— Exercise aim —
Output the records exactly, and drop each picture.

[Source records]
+ + + +

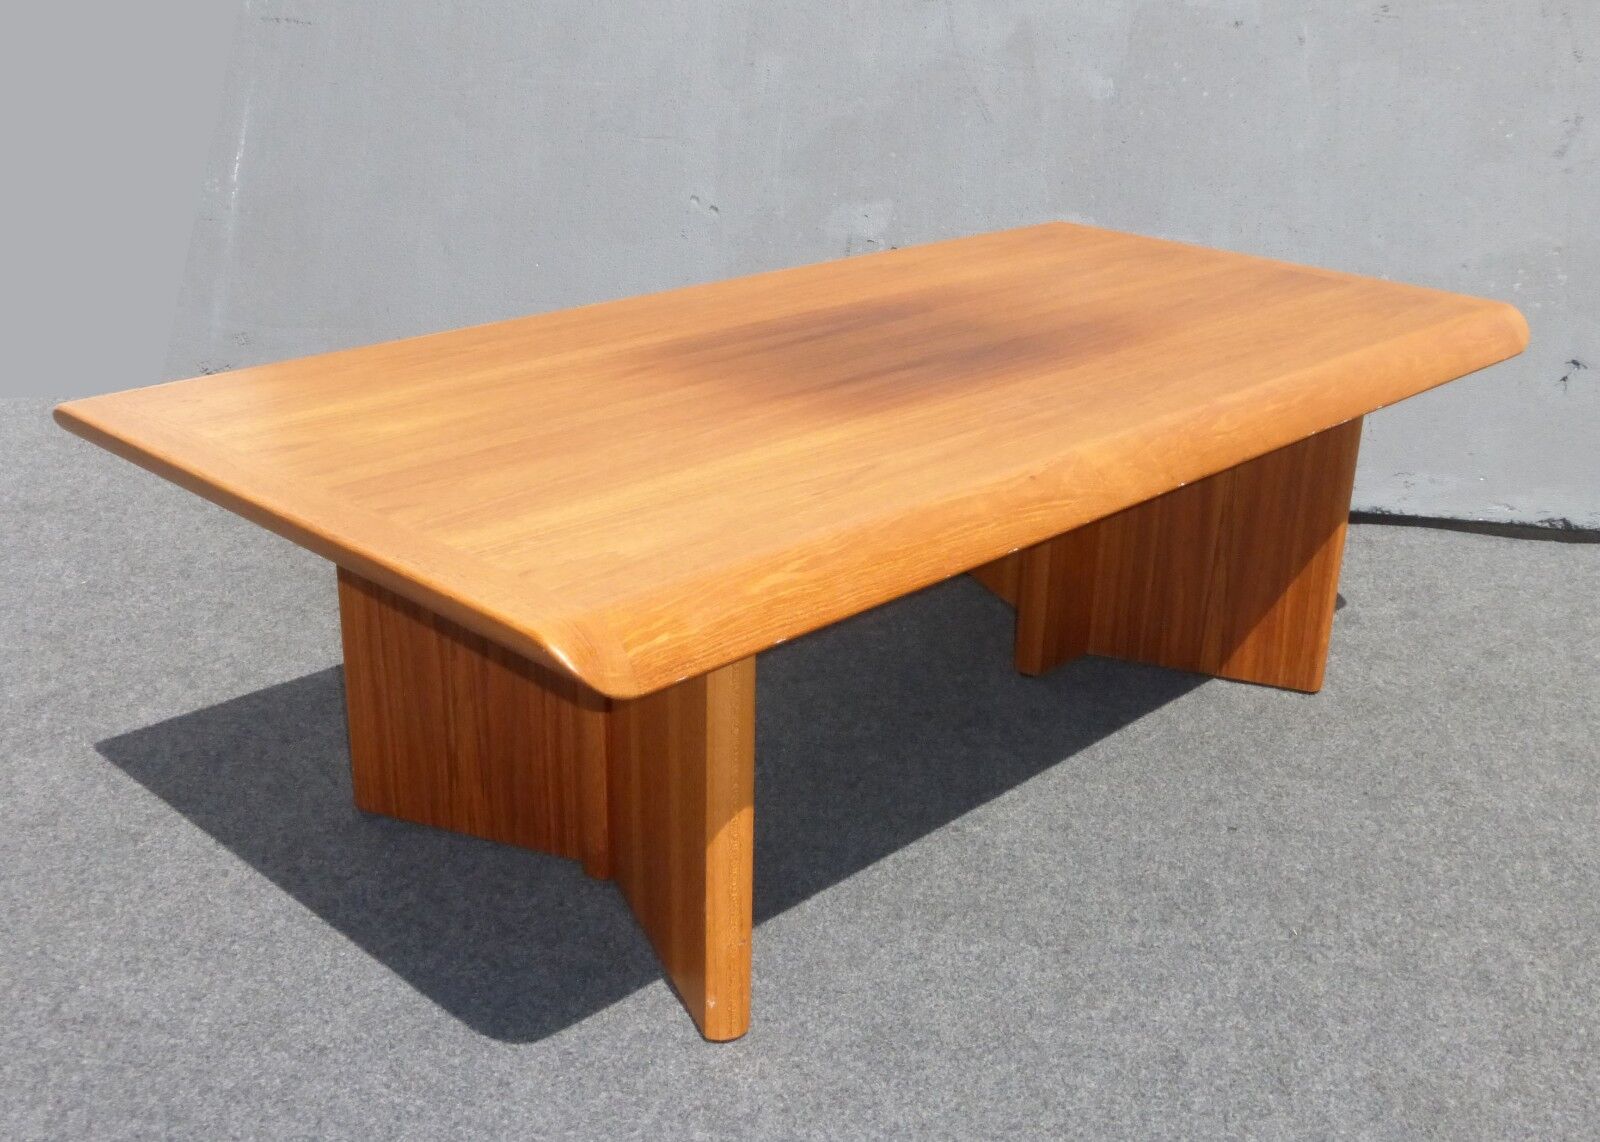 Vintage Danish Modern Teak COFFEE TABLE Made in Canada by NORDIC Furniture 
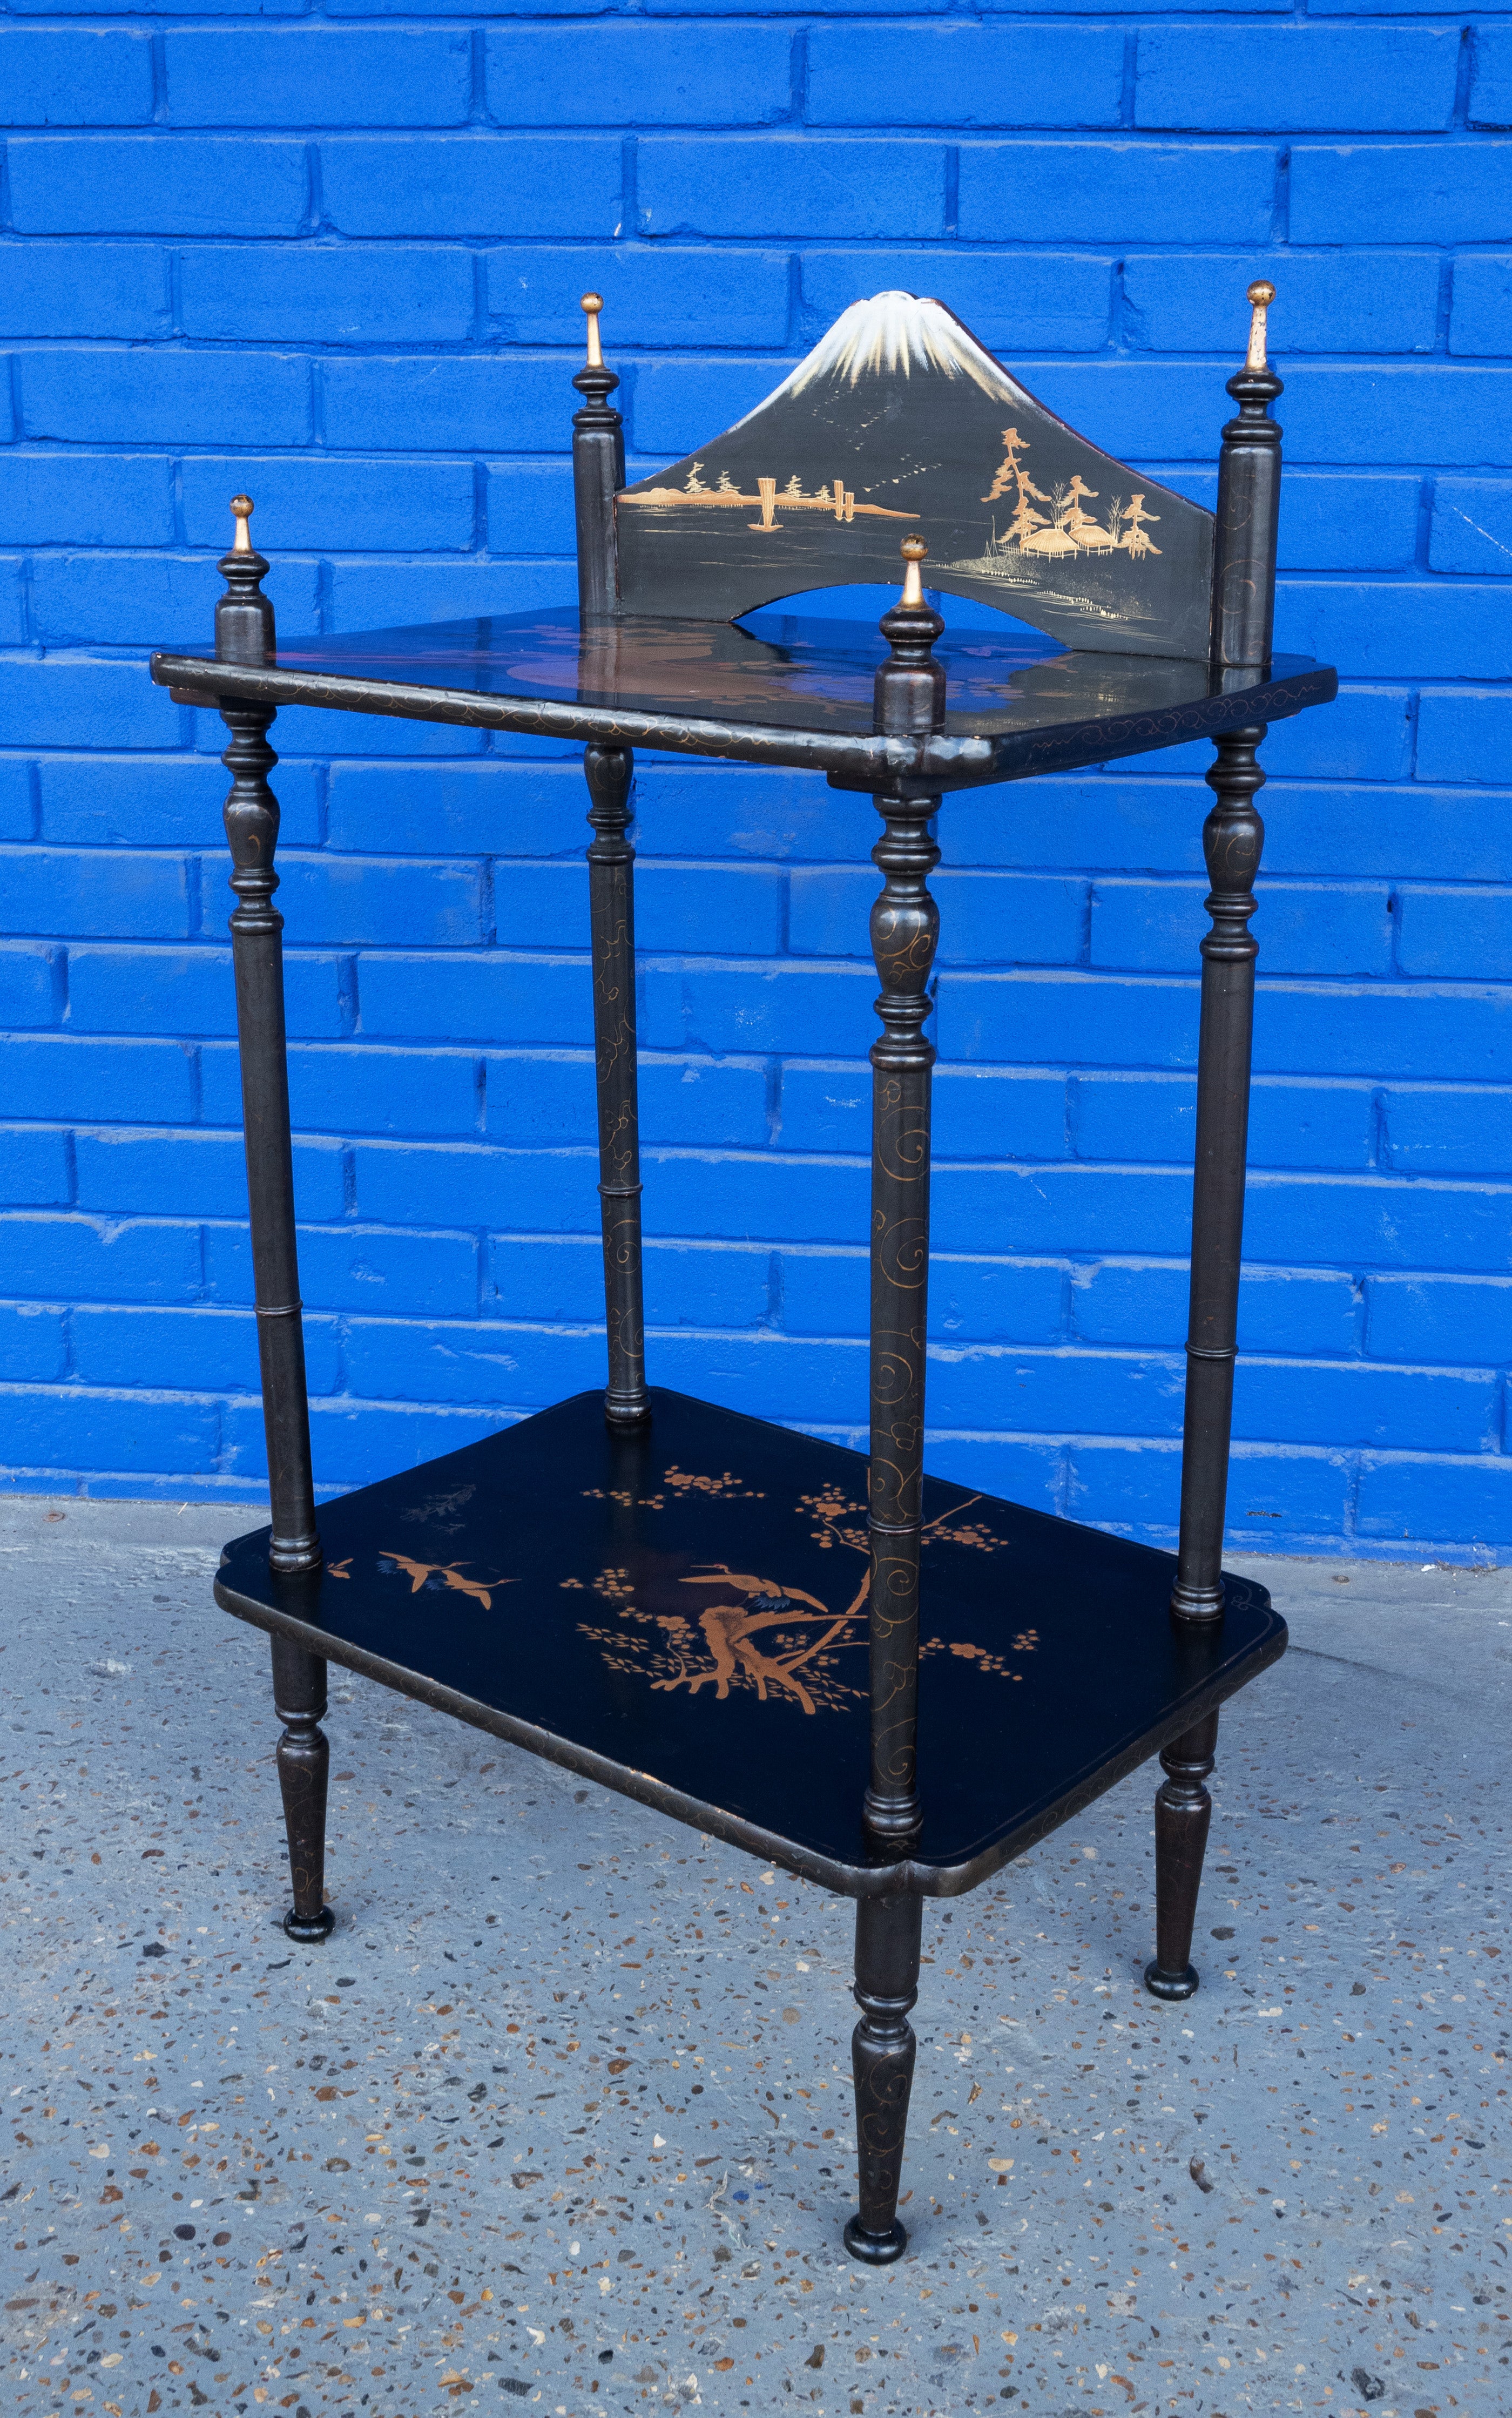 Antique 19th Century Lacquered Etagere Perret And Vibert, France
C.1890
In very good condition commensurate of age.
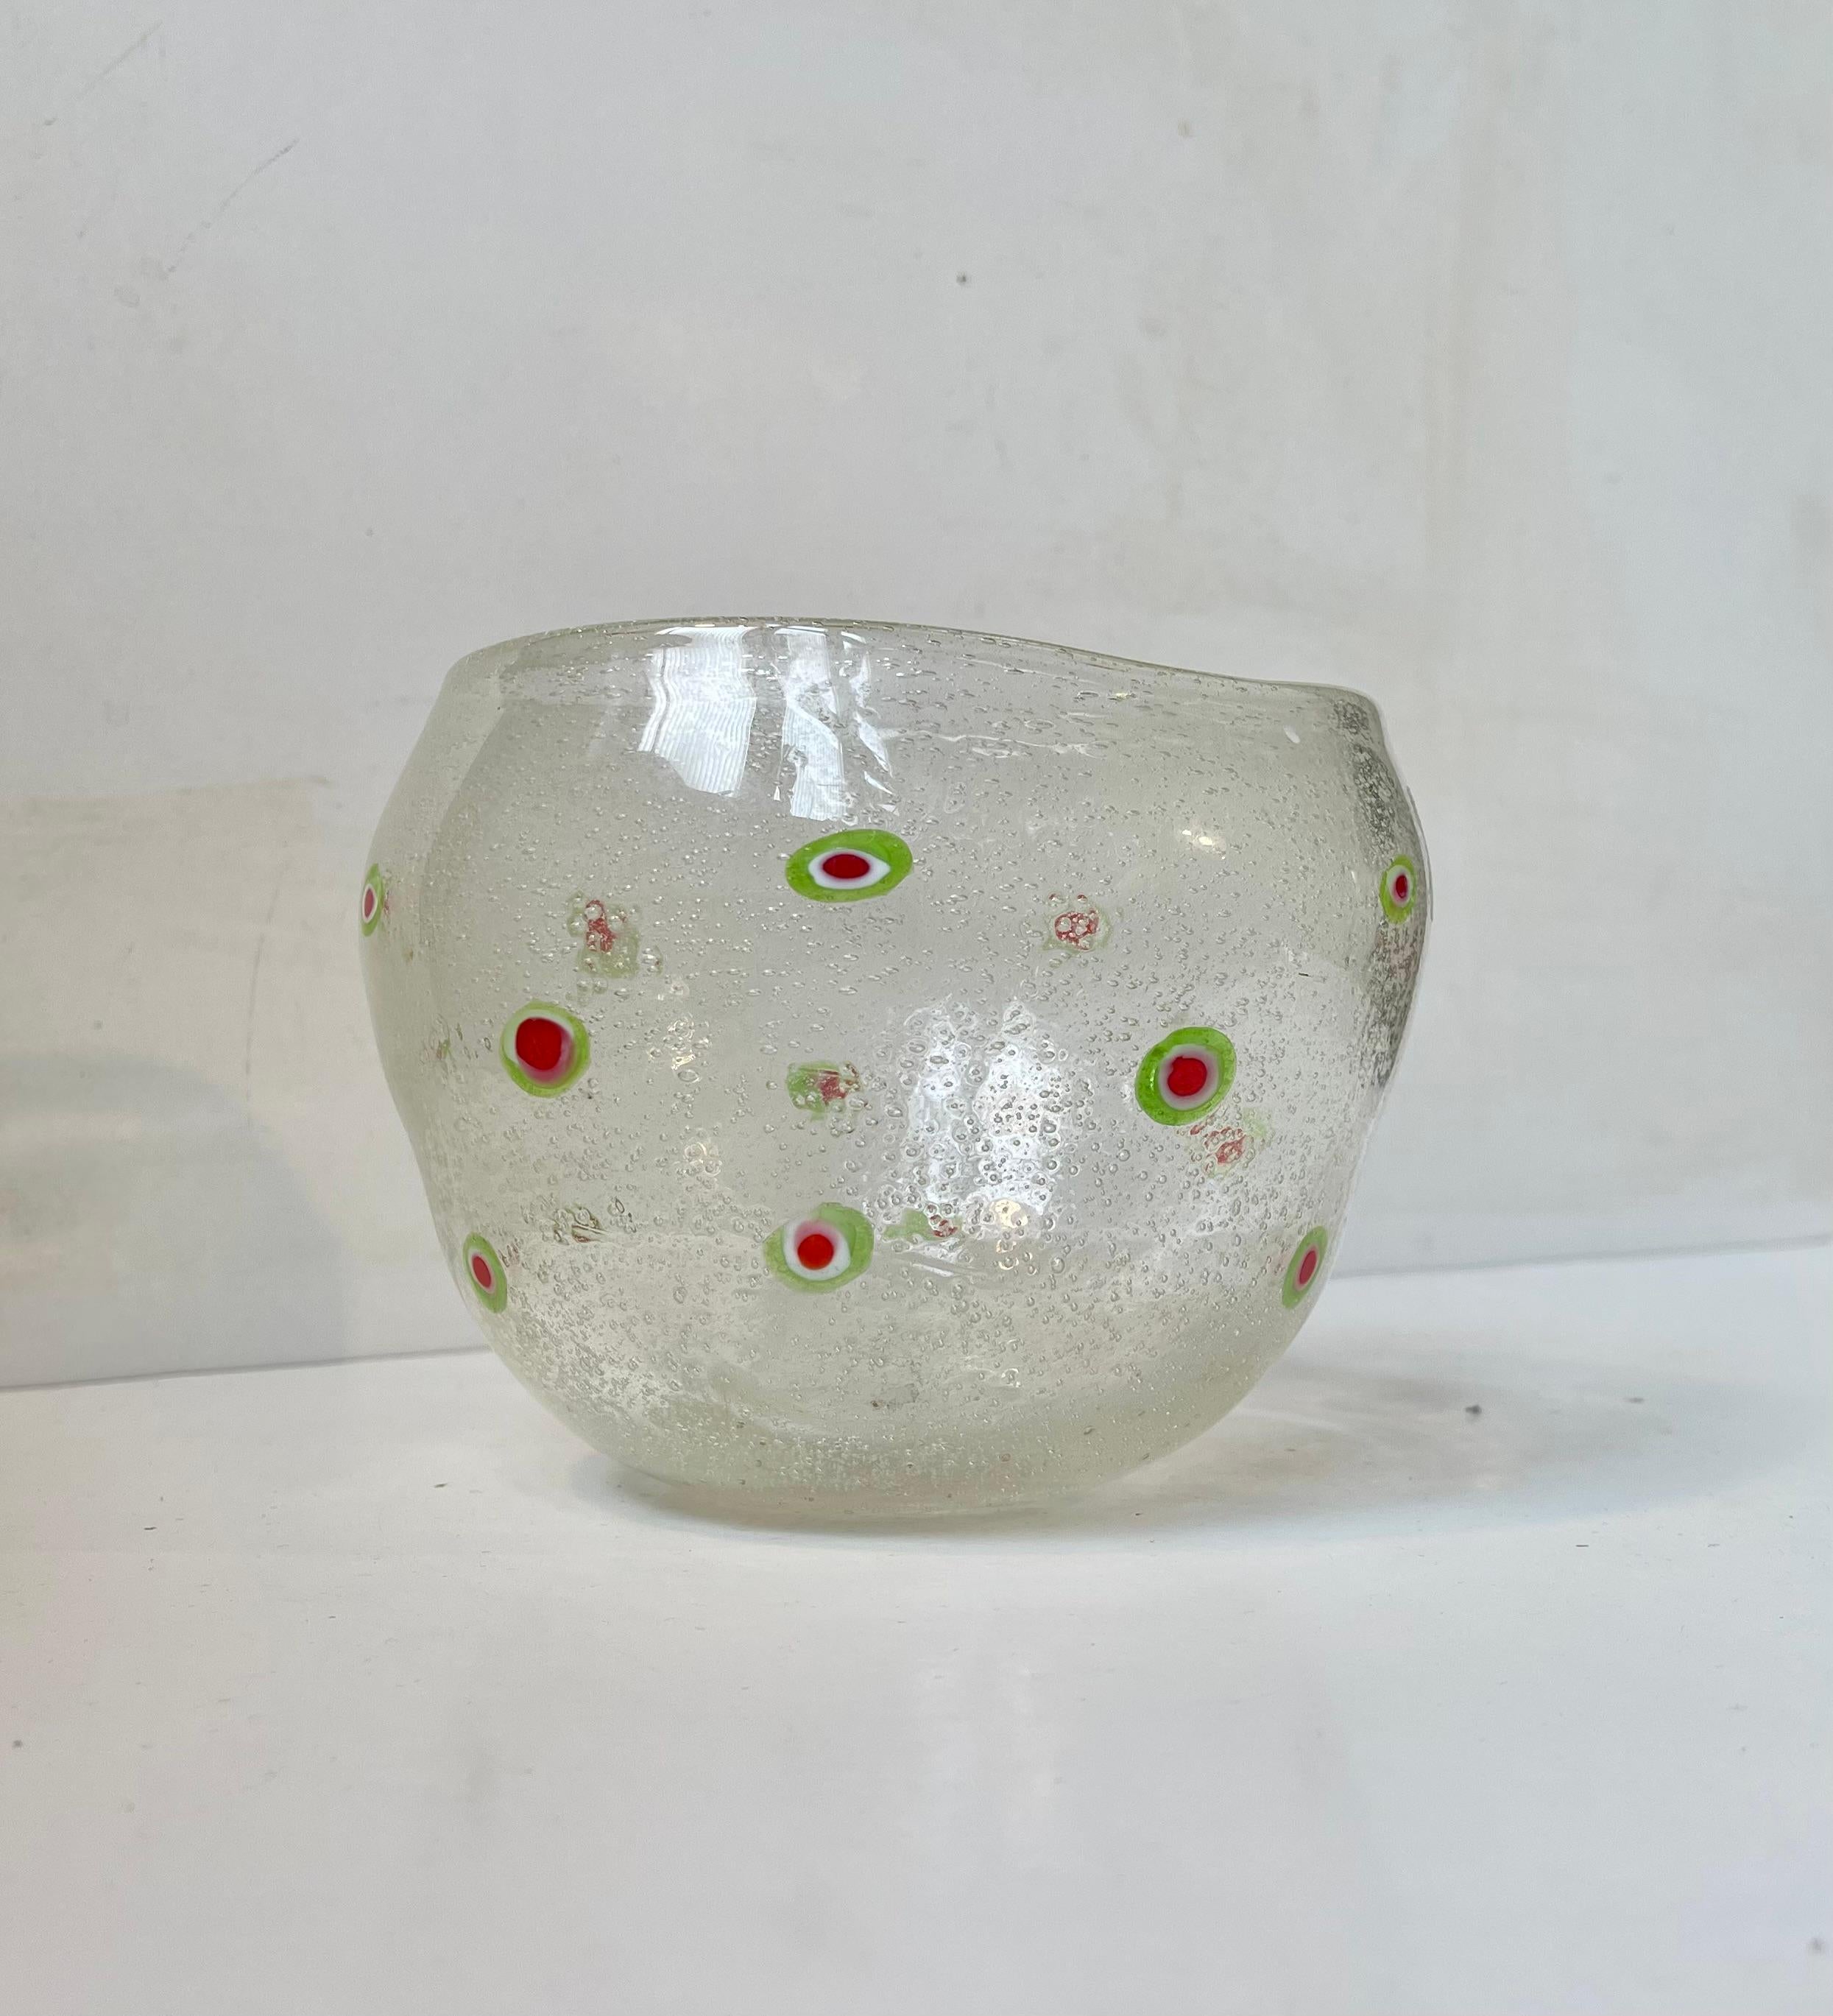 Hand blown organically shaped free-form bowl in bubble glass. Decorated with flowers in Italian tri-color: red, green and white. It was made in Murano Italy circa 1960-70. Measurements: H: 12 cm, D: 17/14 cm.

+ + + +

— The completed task —
 Vintage Danish Modern Teak COFFEE TABLE Made in Canada by NORDIC Furniture 
 Antique 19th Century Lacquered Etagere Perret And Vibert, France
C.1890
In very good condition commensurate of age.
 Hand blown organically shaped free-form bowl in bubble glass. Decorated with flowers in Italian tri-color: red, green and white. It was made in Murano Italy circa 1960-70. Measurements: H: 12 cm, D: 17/14 cm.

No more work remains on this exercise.